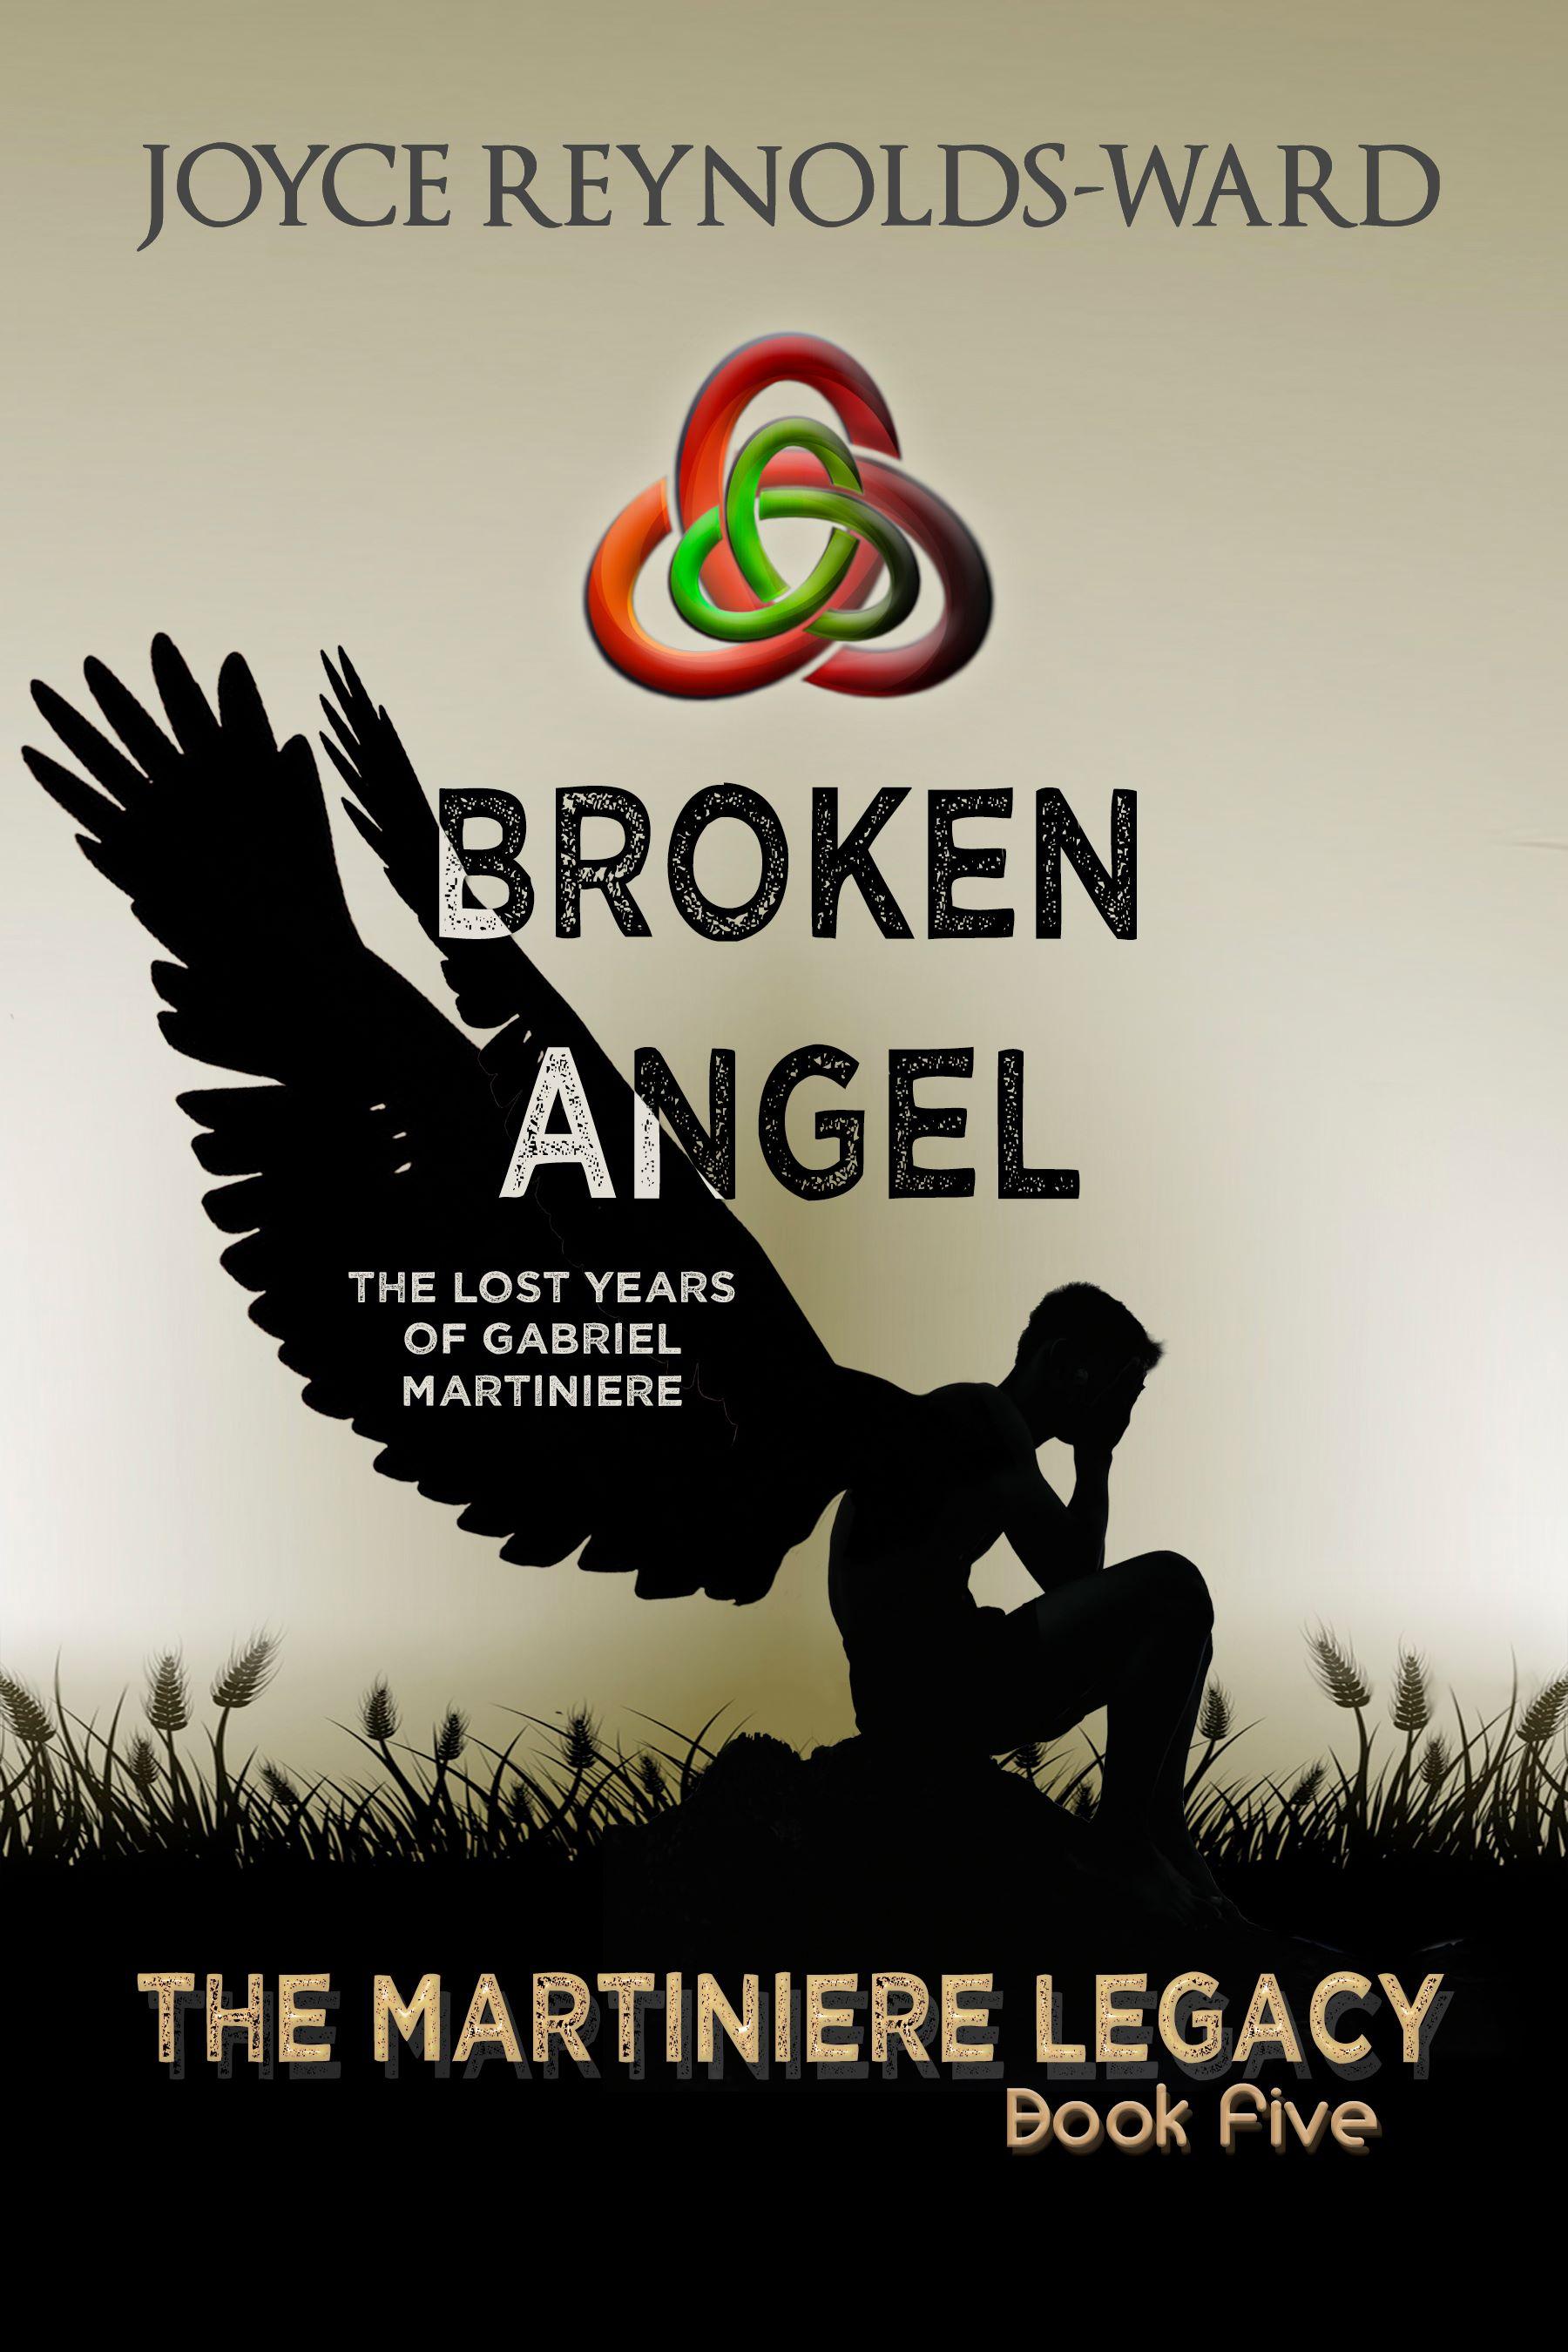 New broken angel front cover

---

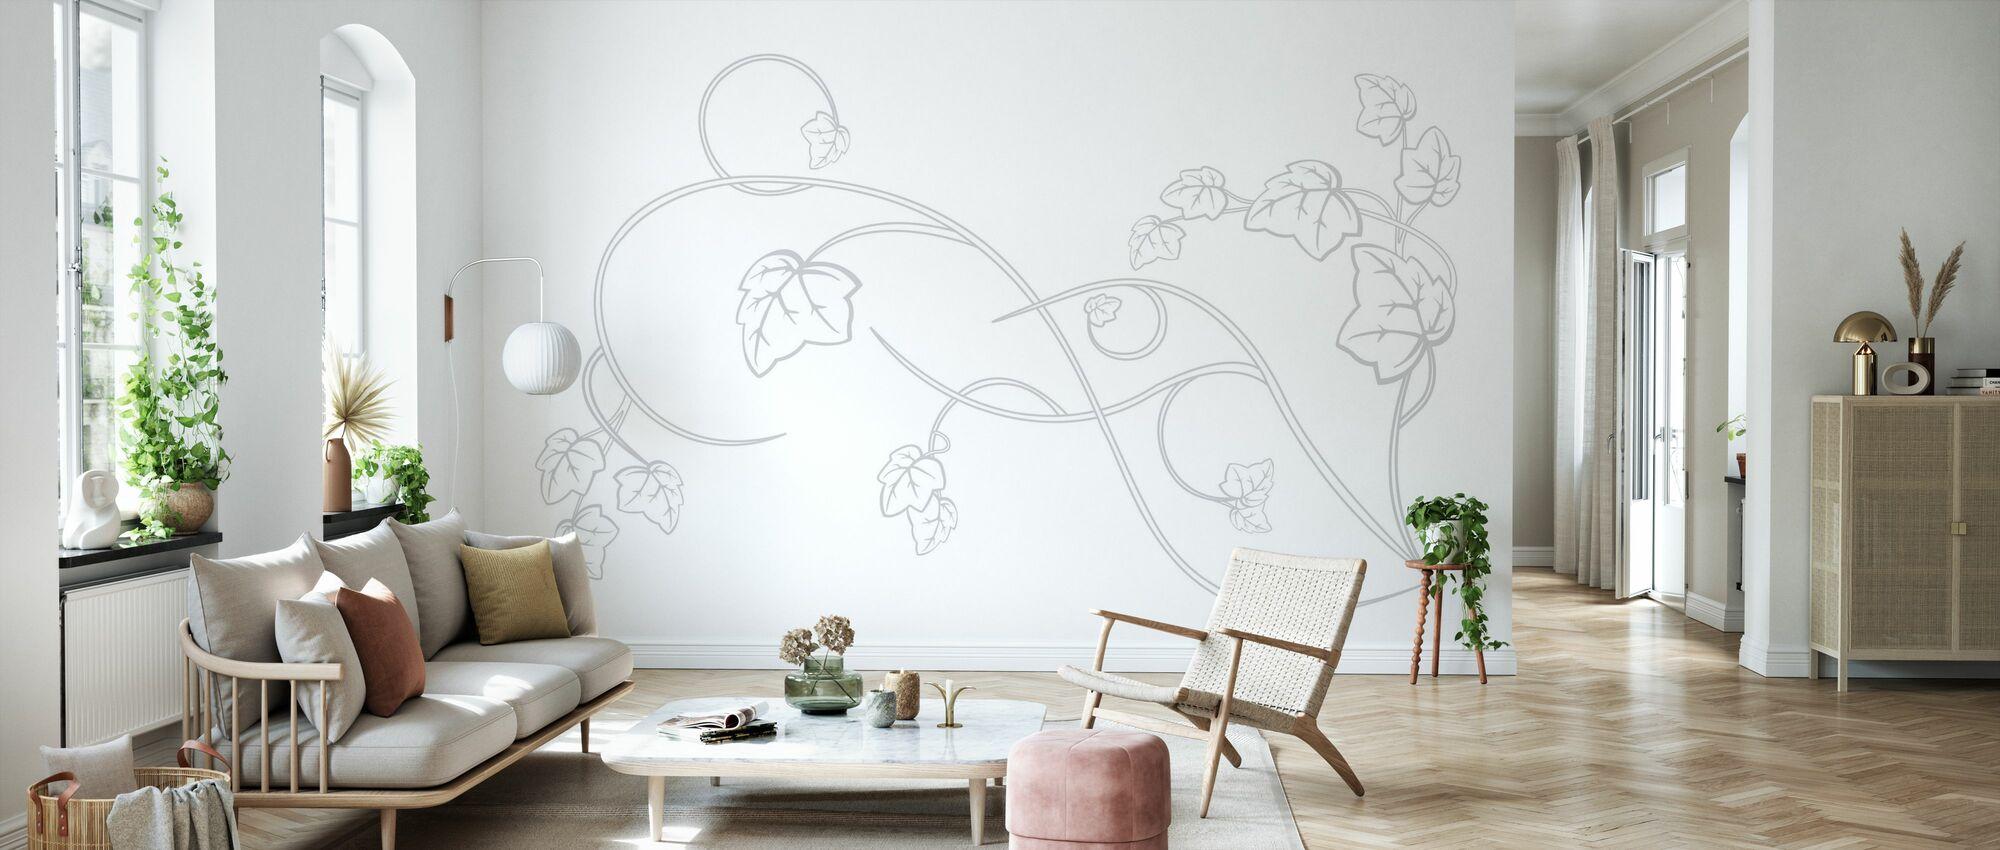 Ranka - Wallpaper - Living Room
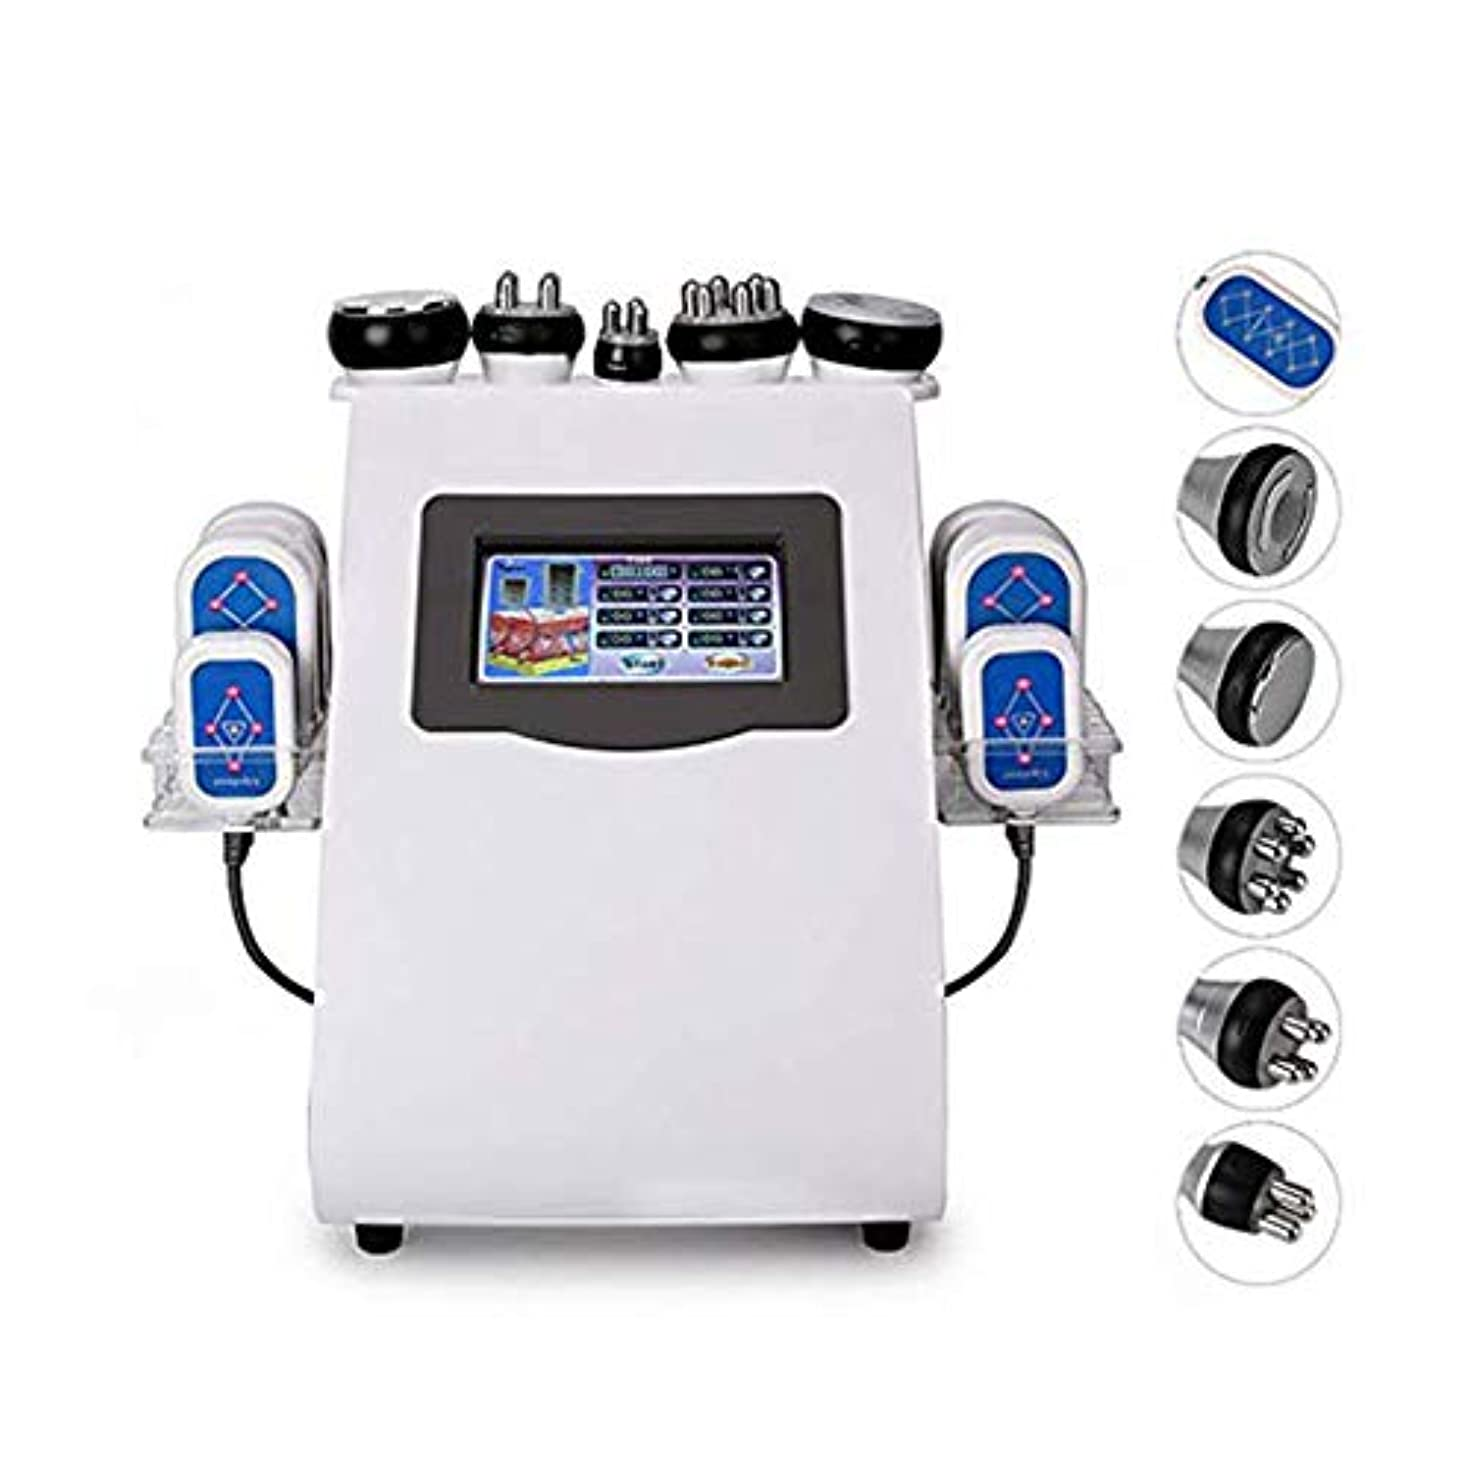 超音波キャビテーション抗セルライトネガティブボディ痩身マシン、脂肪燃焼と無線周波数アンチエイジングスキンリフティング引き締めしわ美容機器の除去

■ BRIEF ■
Above are some entries. Restate word for word the lines from the one holding "Ranka - Wallpaper - Living Room" through the one holding "超音波キャビテーション抗セル", but not the pictures.

■ YOUR RESPONSE ■
 Ranka - Wallpaper - Living Room
 超音波キャビテーション抗セルライトネガティブボディ痩身マシン、脂肪燃焼と無線周波数アンチエイジングスキンリフティング引き締めしわ美容機器の除去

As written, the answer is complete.